The poet W.H. Auden regained his Christian faith after reflecting on the burning of churches during the Spanish Civil War. He’d gone to the war an idealistic Marxist-materialist-atheist, but the burning of churches disturbed him. In trying to discover reasons for his distress, he returned to his Christian belief.
            Atheism presents itself as a wise reasonable alternative to the fires of faith. This is neither new nor reasonable. Revolutionary France turned Notre Dame Cathedral into a Temple of Reason. It doesn’t last. Icons and churches once burned in Orthodox Russia.
            Treasures of art and music may burn with the church. Churches hold the reverence of our ancestors, so burning churches may symbolise obliteration of ancient civilisations.          

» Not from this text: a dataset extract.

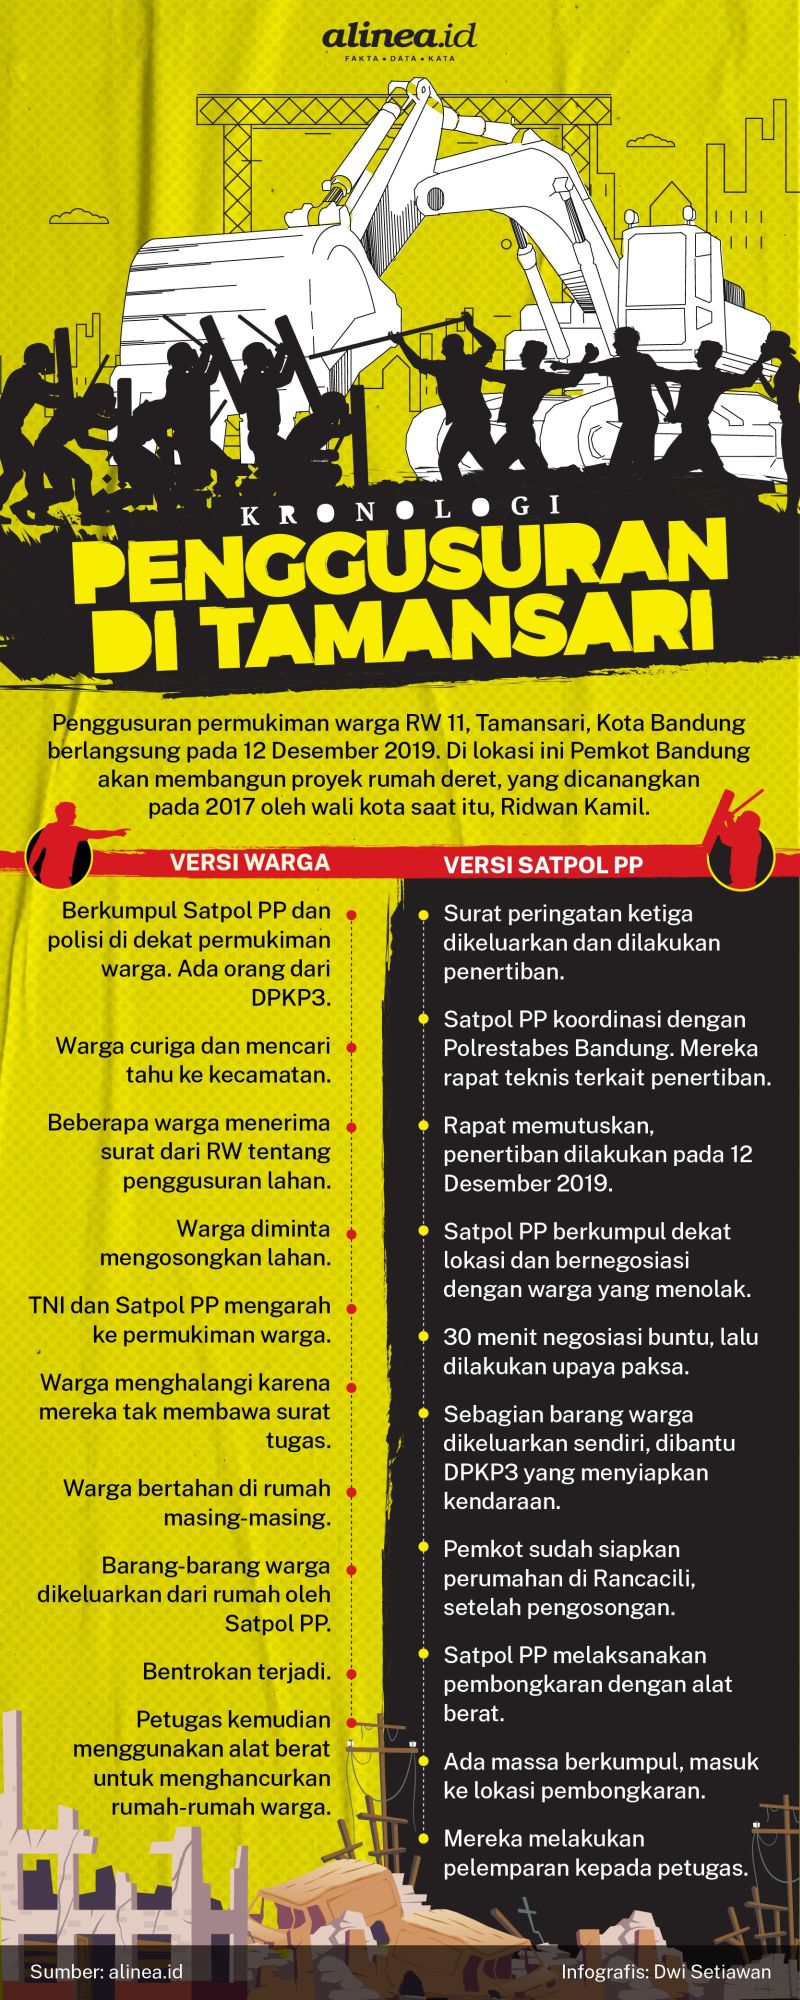 Infografik penggusuran di Tamansari. Alinea.id/Dwi Setiawan.

            Churches burn for many reasons: if someone lights the hedge on fire and it spreads to the church, is it accidental? Deliberately firing a building is arson, a crime. In 1936, Gaudi’s plans and models for the Sagrada Familia in Barcelona burned when the church was set on fire by revolutionaries: the models are being reconstructed as work on this mighty basilica continues.
            When churches burn, the faith of the congregation continues to flow like fire. A church stands a holy island amid the waves of worldly space. When any church burns, the most important question will be: who has the photographs, drawings, and plans?

1 comment:

  1. There is an immediate question, I think, when a church burns down: what will the congregation do next?